## EXERCISE INSTRUCTIONS:
What you return must be the full data, repeated verbatim, with no pictures in it.

## STORED DATA:
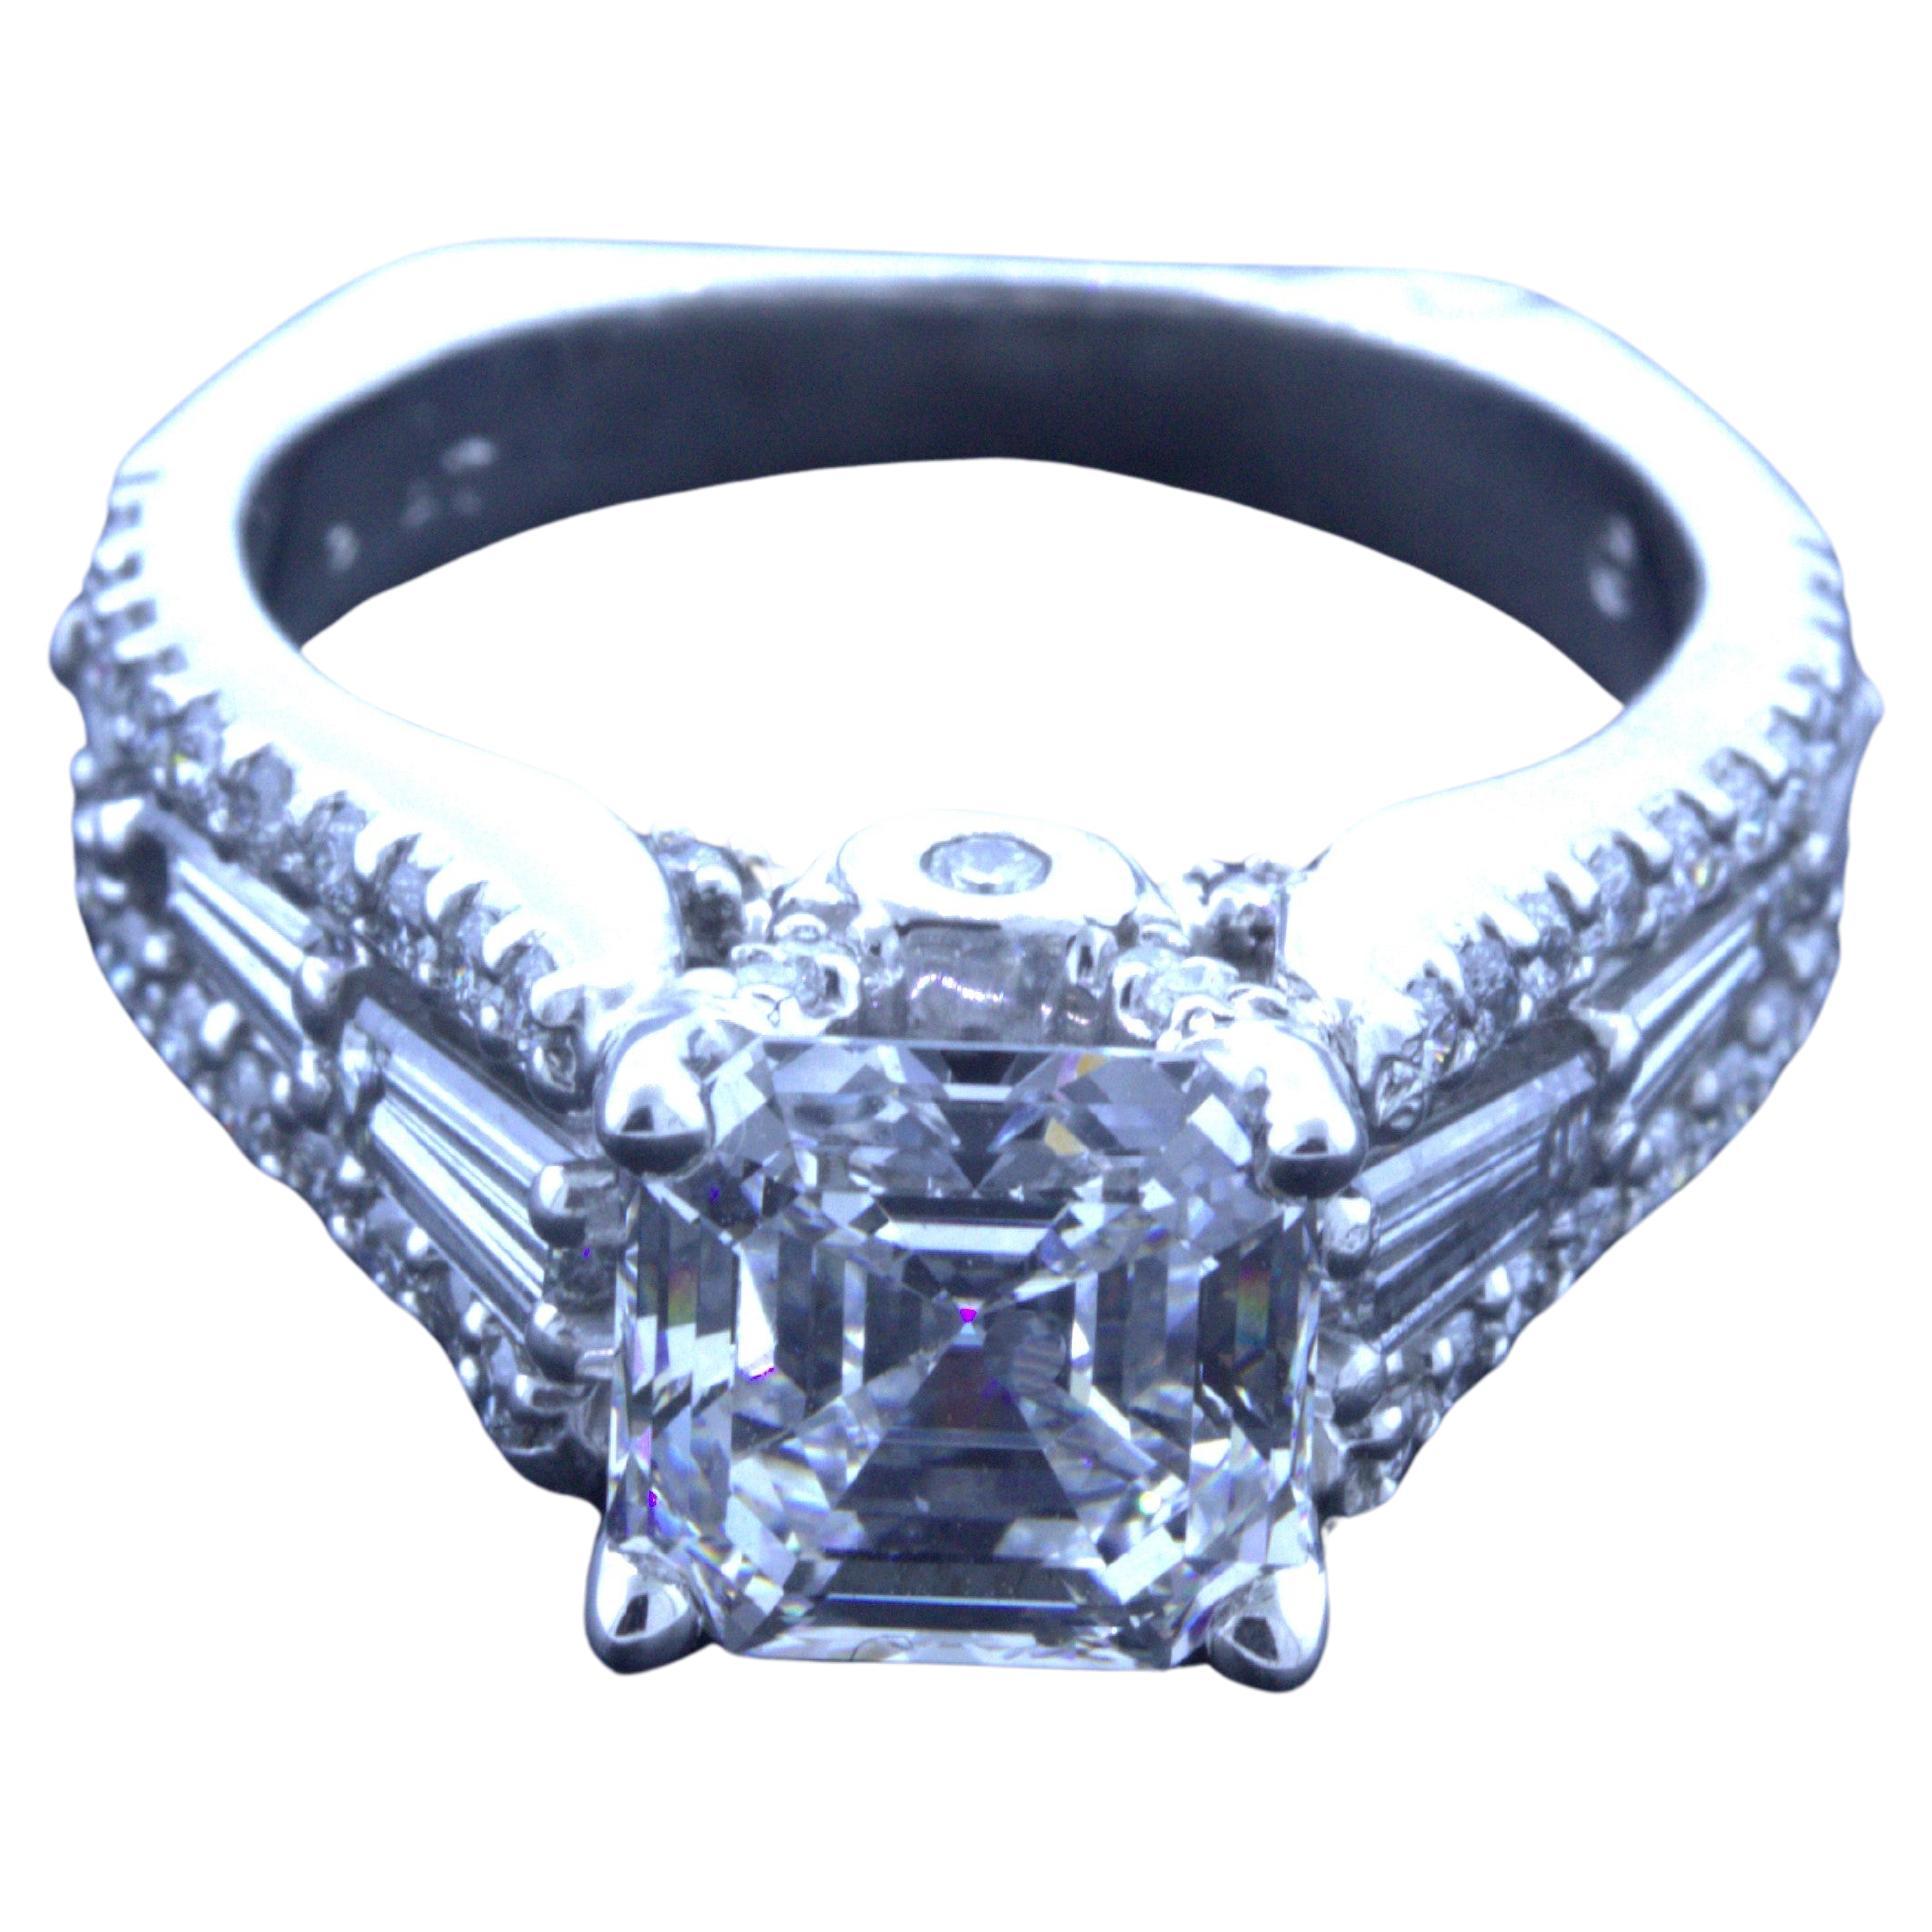 2.19 Carat D-VS2 Asscher-cut Diamond Platinum Engagement Ring, GIA Certified
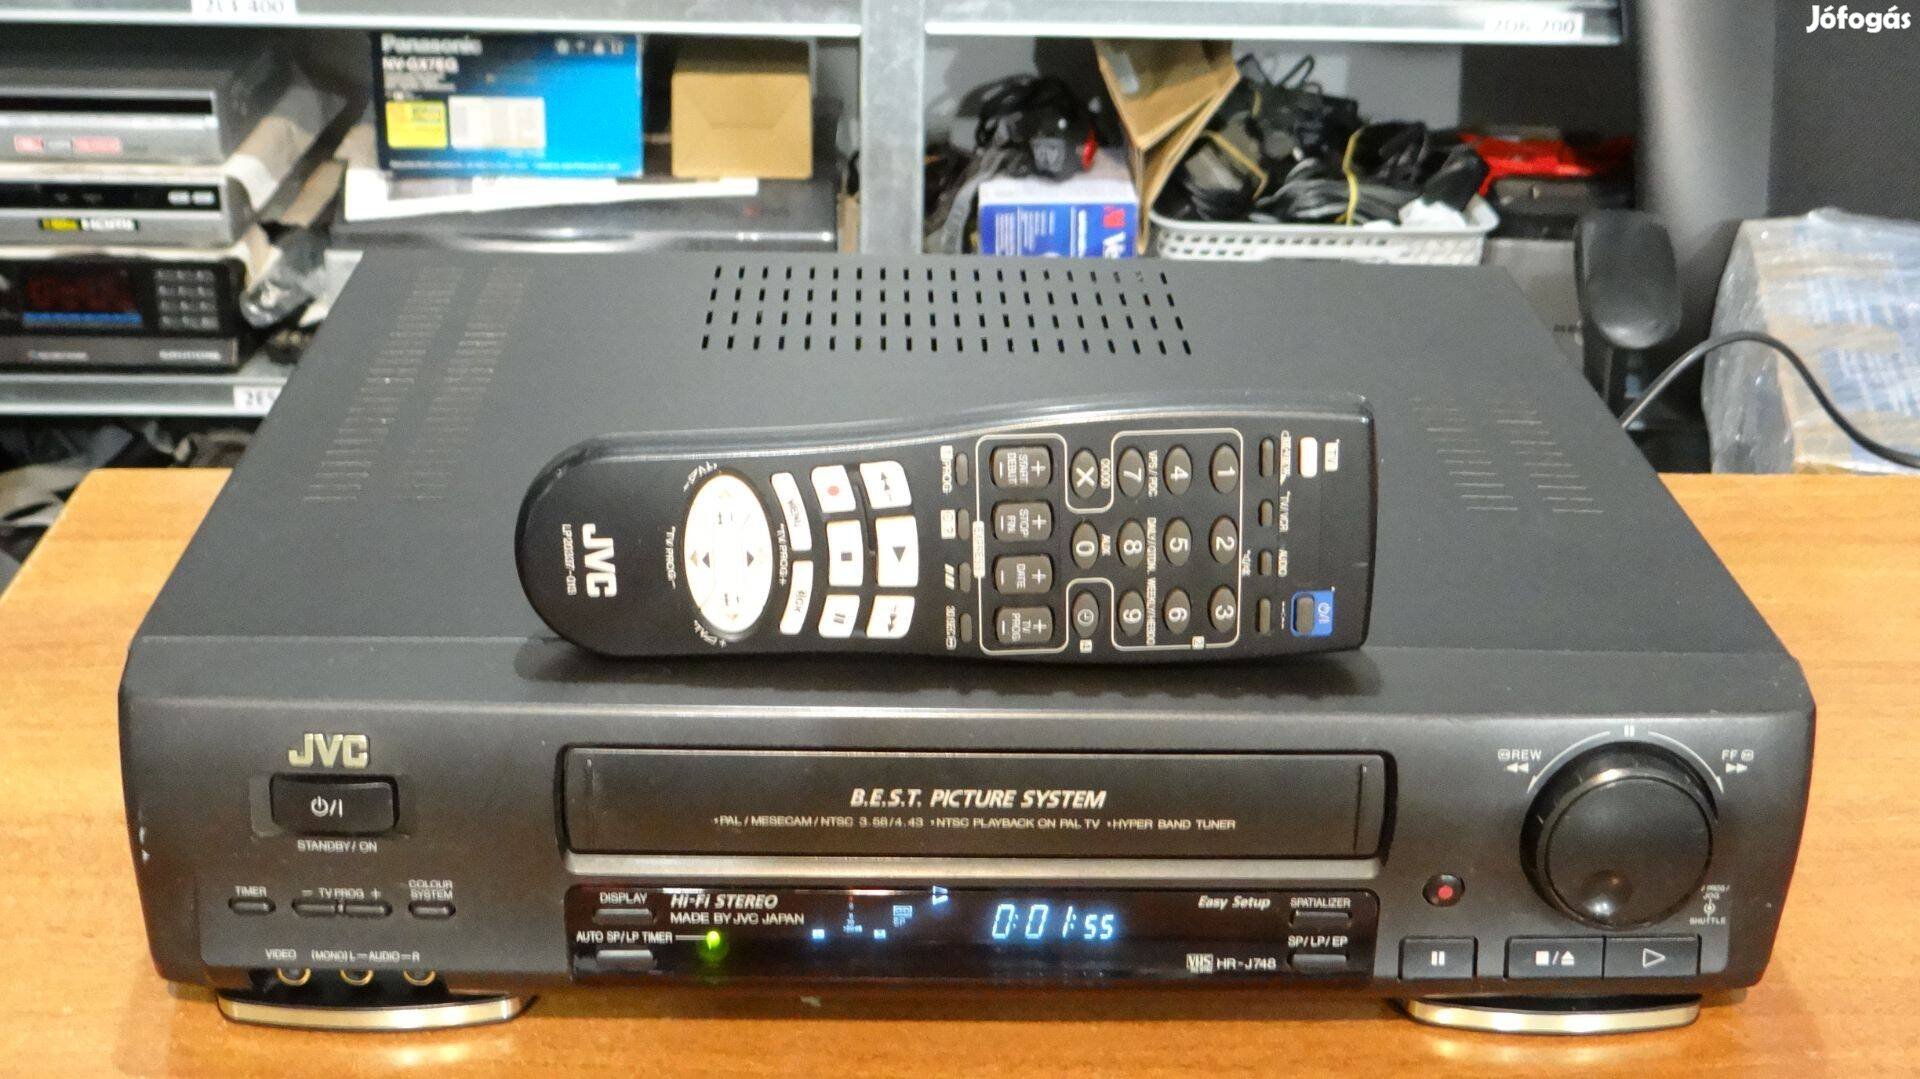 JVC HR-J748 Hi-Fi Stereo VHS Recorder
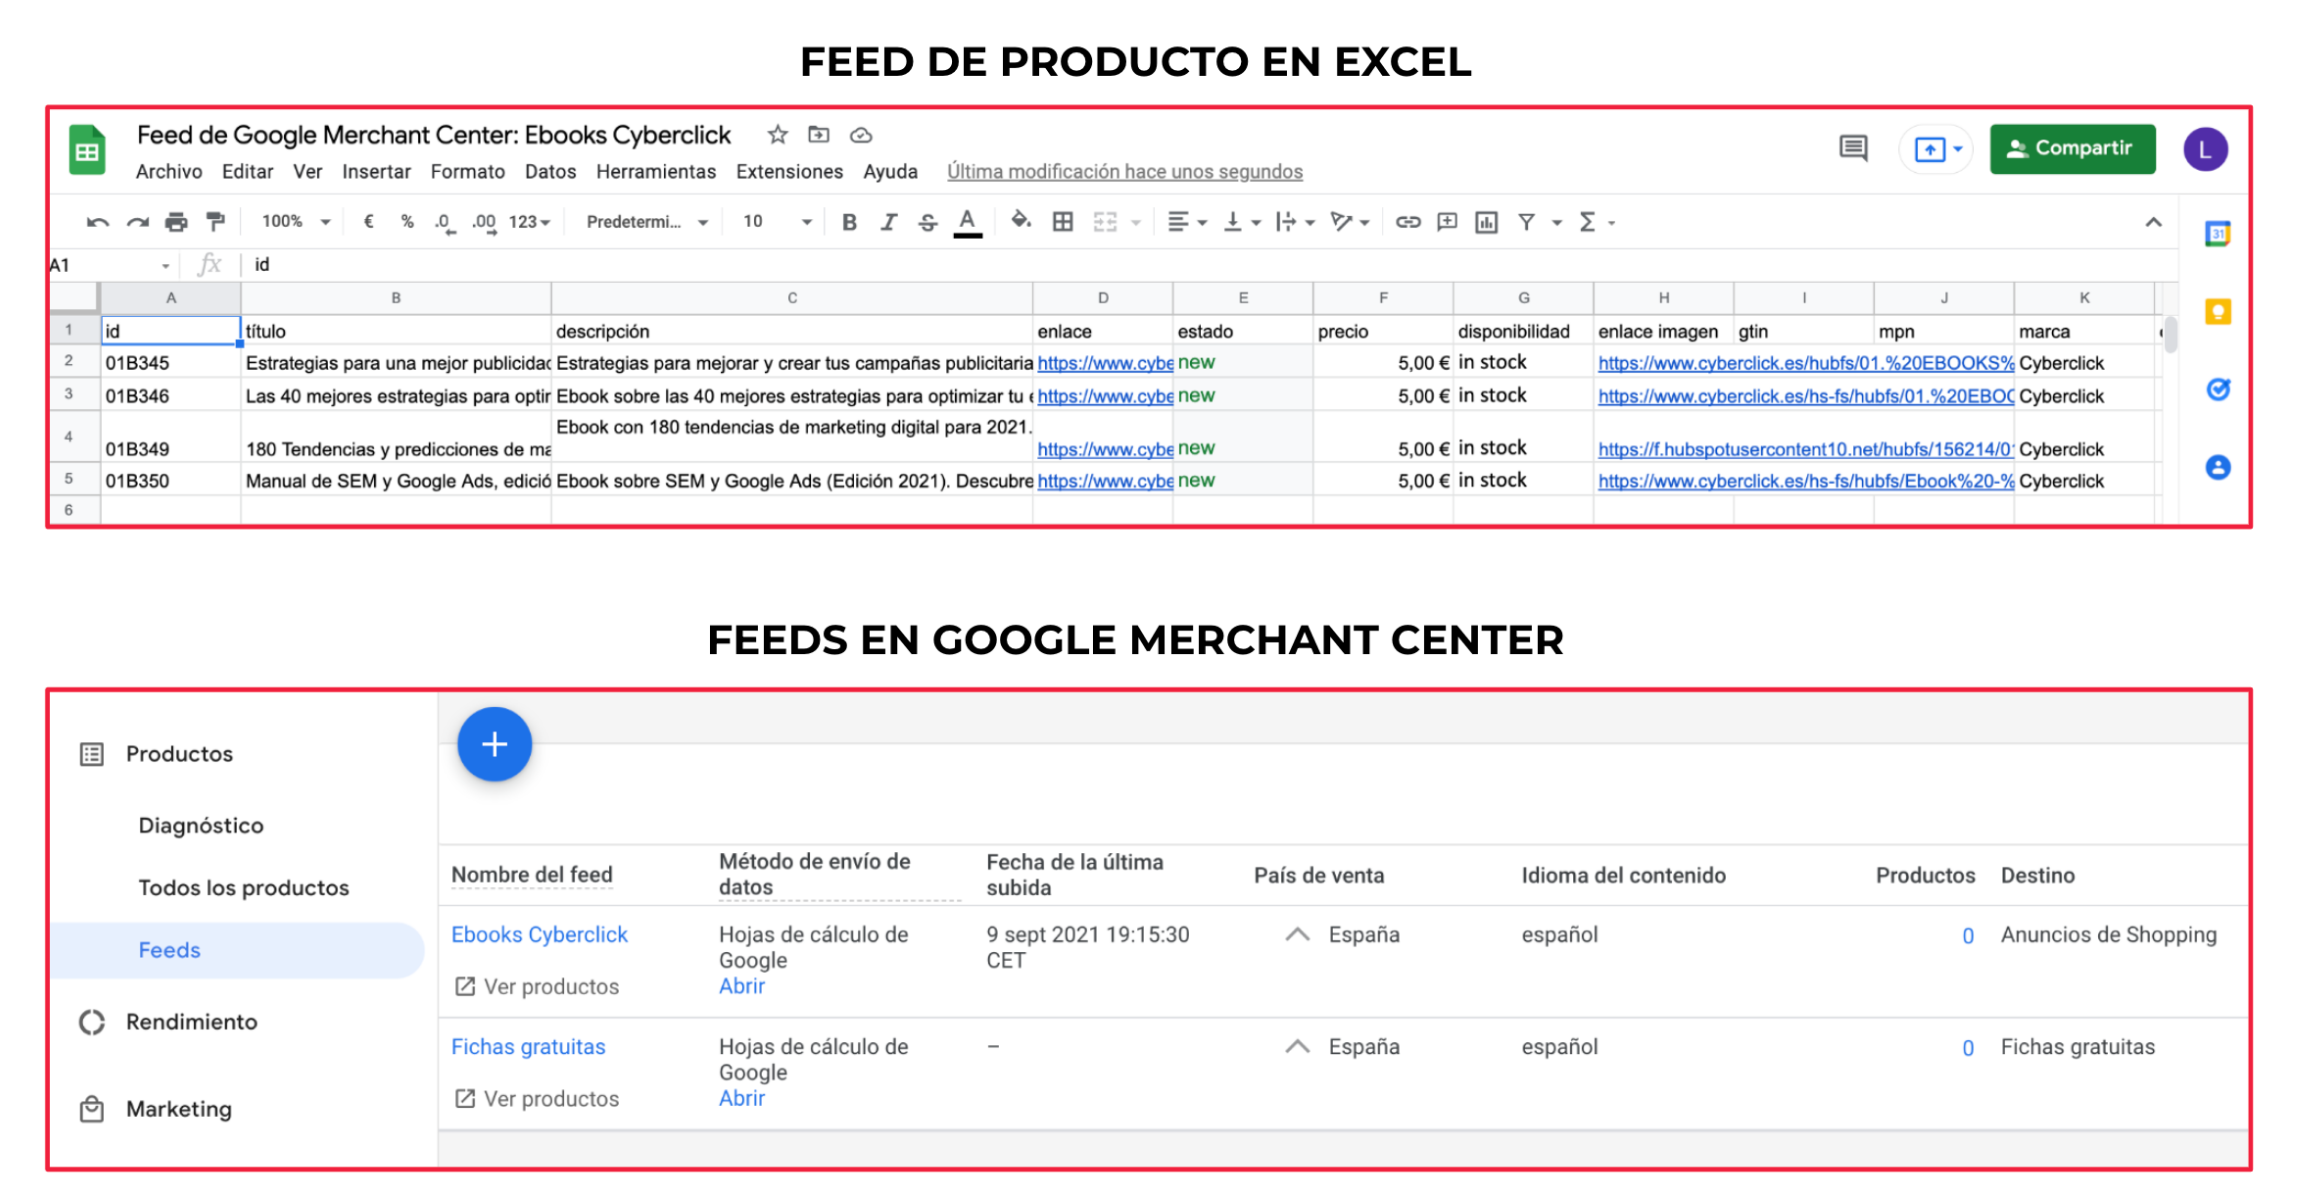 Como hacer un feed de producto en Google Merchant Center

## WRITTEN ANSWER:
 2.19 Carat D-VS2 Asscher-cut Diamond Platinum Engagement Ring, GIA Certified
 JVC HR-J748 Hi-Fi Stereo VHS Recorder
 Como hacer un feed de producto en Google Merchant Center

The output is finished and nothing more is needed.